Jasmine takes a deep breath. It feels like the moment for it, both of them finally coming to the real issue and the kitchen fraught with tension. “I would,” she says, just as carefully. “I really, really would.”

“Oh,” Joe breathes. He swallows heavily, takes a couple beats to steel himself before meeting her eyes. There’s something desperate in his gaze, searching, like he’s looking for her approval. “Me too.”

Jasmine nods. She’d had a feeling, watching Ned and Joe together these last few weeks. Ned’s crush was badly hidden, especially with the way he’d jumped to take care of Joe last night. Joe’s feelings were more complicated, more subtle, but since Joe came home she’s been witness to the same kind of awkward flirting that had comprised his interactions with _her_ before he’d gotten up the courage to ask her out properly. It hadn’t been hard to put together after that.

“Would he even say yes?” Joe wonders aloud, looking horribly guilty for even considering the thought. Jasmine can understand why, but she’s spent too long refusing to allow herself to think about it to go back now. A marriage is supposed to be enough for them, _should_ have been enough for them, but the war changed a lot of things. And maybe they’re moving kind of fast—she’s only known Ned for two months, after all—but they’d do more damage now ignoring it or pretending not to feel the same. Jasmine’s a practical woman; if bringing Ned into the equation is the best way to save their marriage, then she’s all for it.

So she allows herself to answer honestly. “He would. If you asked him, he would.”

Jasmine leaves her husband considering that in the kitchen and finishes getting ready for work. She can see that Joe needs to work through some things before he’ll be ready to talk more, and she’s perfectly okay with letting him have that time. It’s a groundbreaking revelation, after all.

\--

She intends to say something to Ned the next time he comes over for dinner, or stops by to check on Joe, but suddenly Ned is too busy to come visit them. He makes all manner of excuses, the most prominent being more meetings about his loans. Jasmine’s excited for him, because Ned had told her how much going to law school meant to him, but it feels a little like they’re being snubbed.

Joe shakes his head when she asks after Ned, looking bewildered, says he hasn’t talked to the other since the morning when they’d all woken up together. A sinking feeling fills Jasmine’s gut, and she starts to wonder.

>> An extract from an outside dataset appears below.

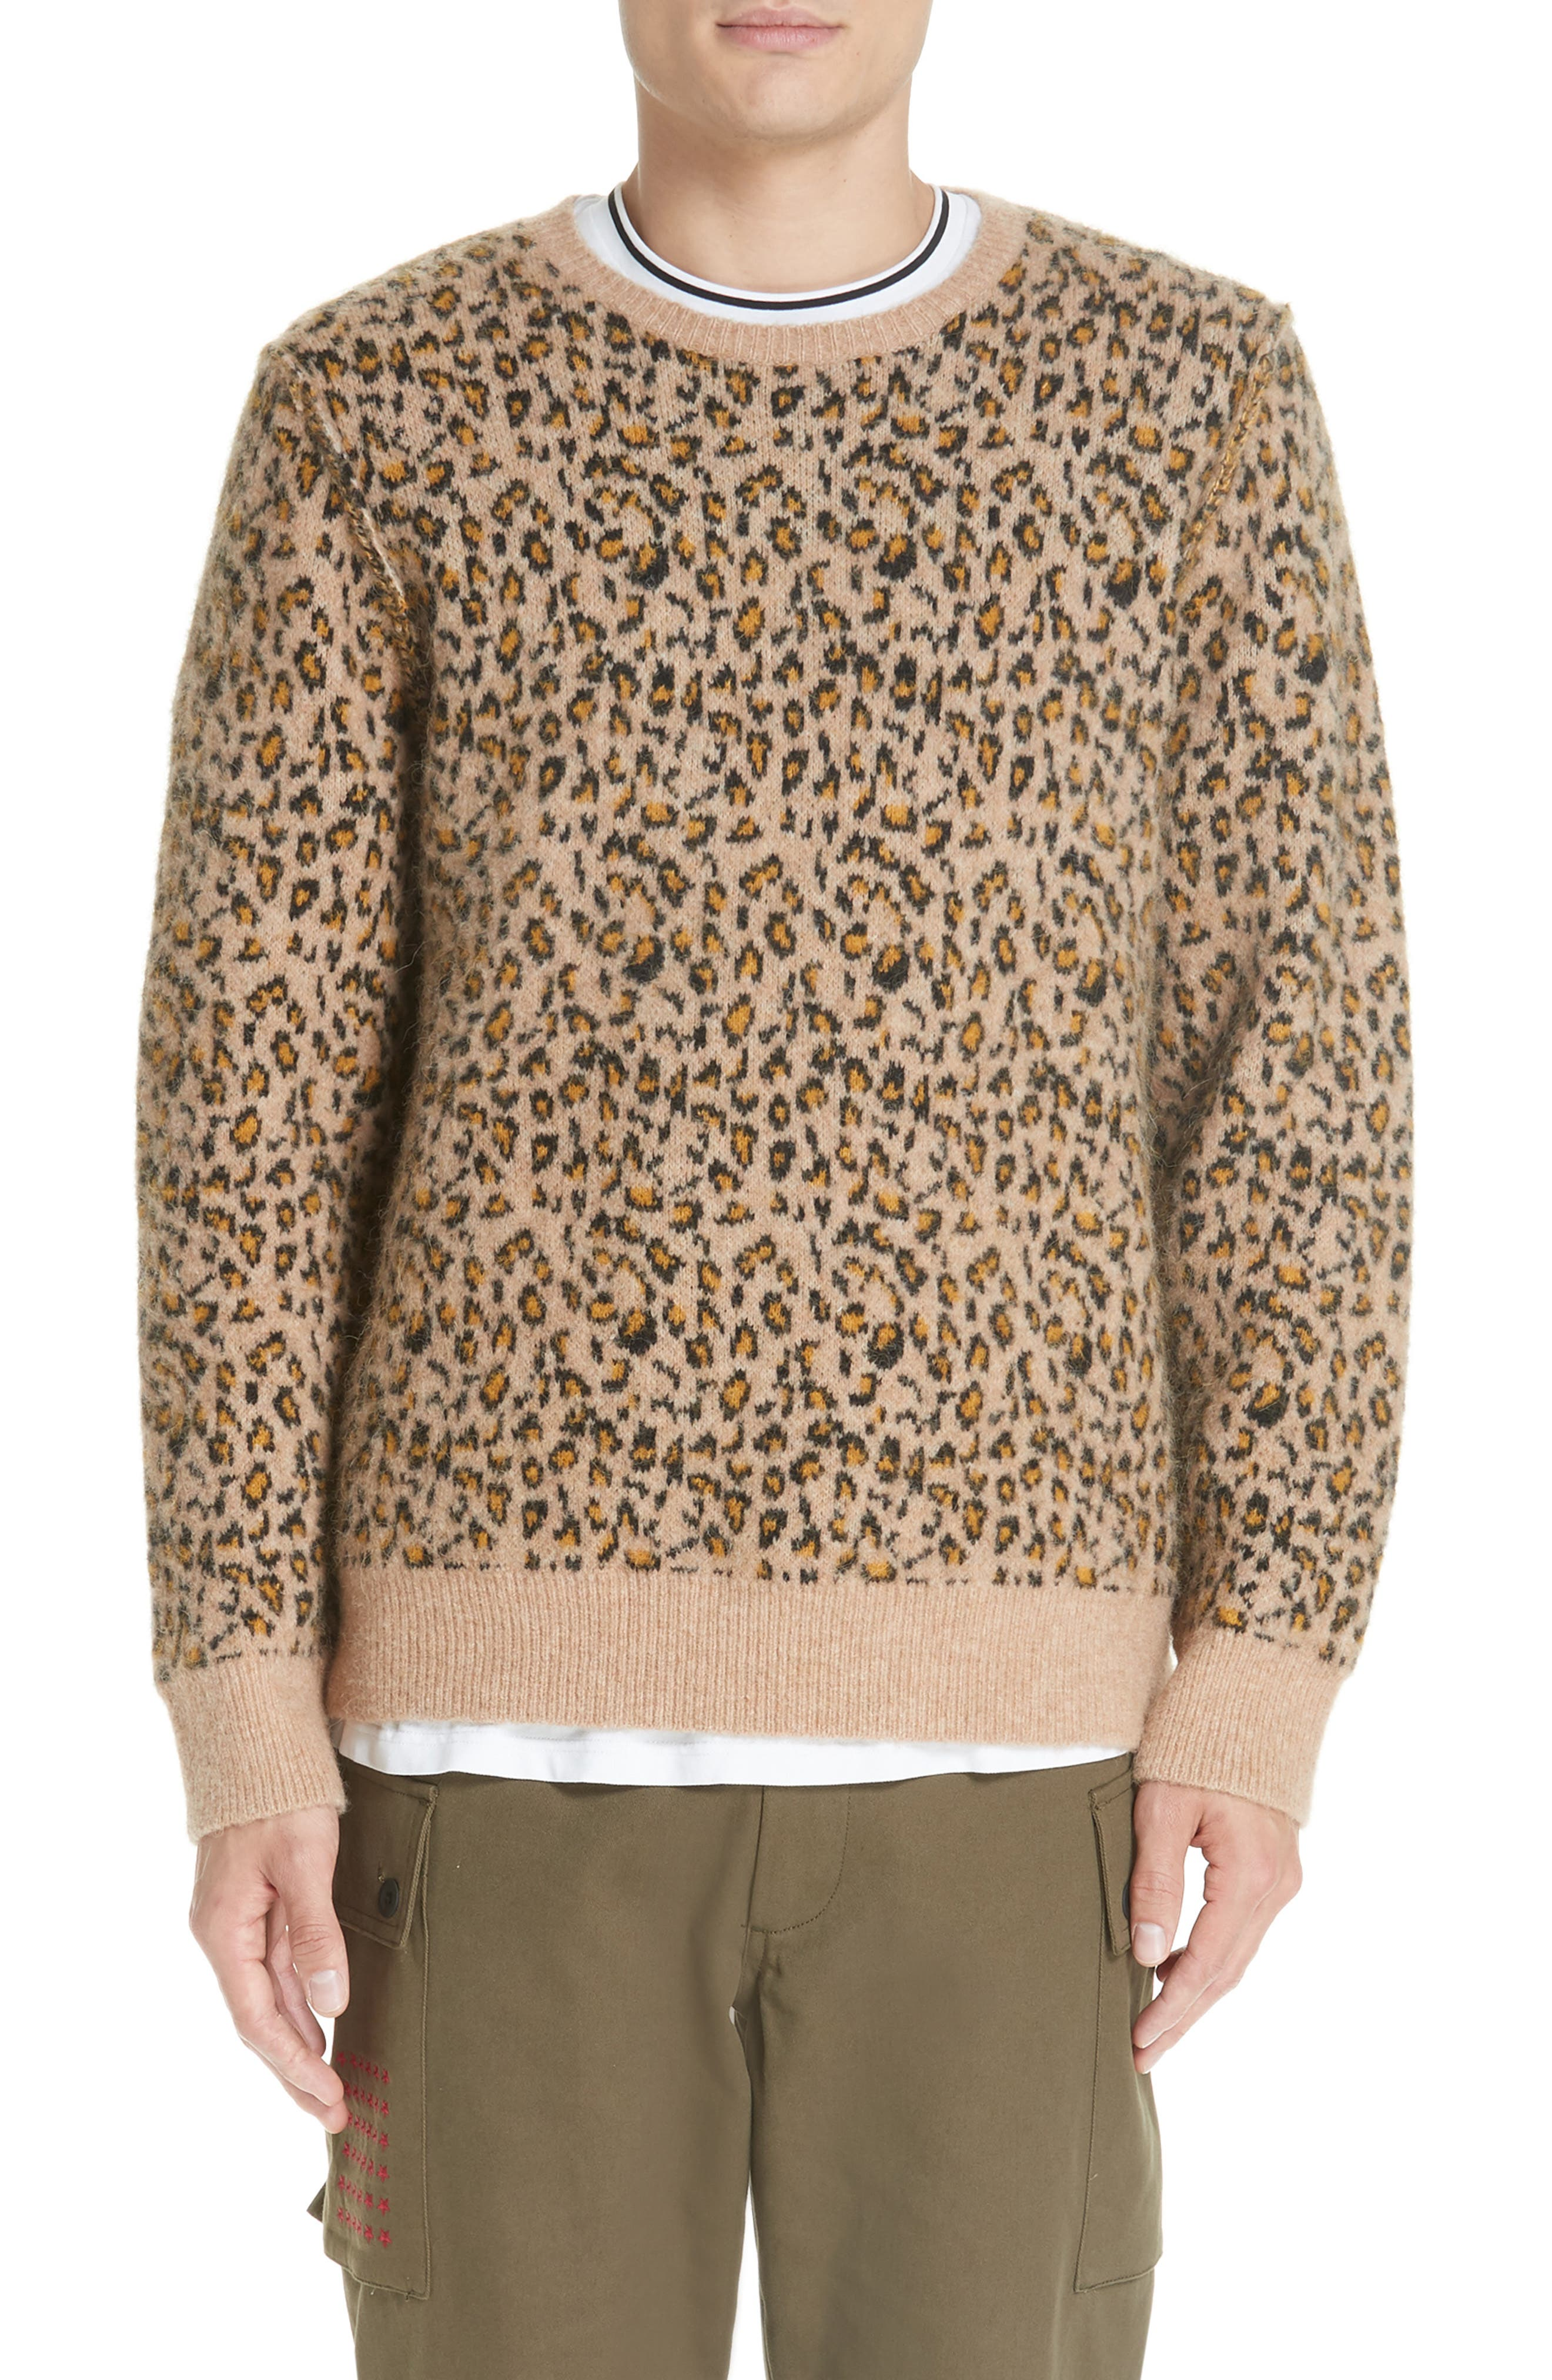 OVADIA & SONS Men'S Leopard Pattern Jacquard Crewneck Sweater

The effects of Ned’s disappearance start to show after only a couple days. The ever-present bags under Joe’s eyes from lack of sleep get deeper; every time Jasmine wakes in the middle of the night, he’s oddly stiff next to her, as if he’s forcing himself to stay awake so she won’t have to calm him down on her own. Joe’s temper gets even shorter, until he never stops snapping at her and hardly ever shares stories from his day.

Jasmine’s at her wit’s end, trying to hold things together. This only proves her theory that they need Ned to keep the marriage together; she suspects it would’ve degraded a lot faster had Joe not offered Ned a place to stay in the first place. Sometimes—mostly when she’s alone and staring at pictures of them before Joe shipped out—Jasmine hates Ned for what he brought to them, what he offered so willingly and then took away. It’s clear by now that Ned’s avoiding them, intentionally, and she has no idea how to make that stop.

Finally, though, he makes an appearance at the Clover Club while she’s working. Ned doesn’t see her at first, but Jasmine notices him the second he comes through the door. He’s wearing a nicer suit than she’s seen on him before, and a truly horrendous tie. Jasmine hopes this isn’t a sign of a deeper affiliation with the mob, but she’s seen Ben Siegel’s idea of fashion sense. There’s only one man in L.A. who would give _that_ as a gift.

Ned’s looking around the club, probably trying to find either Mickey Cohen or one of his entourage, but Jasmine sidles up behind him before he can wriggle out of her grasp for _another_ three weeks. “Fancy seeing you here,” she says as she comes up behind him, and Ned visibly flinches.

“Jasmine,” he mumbles, breath quickening.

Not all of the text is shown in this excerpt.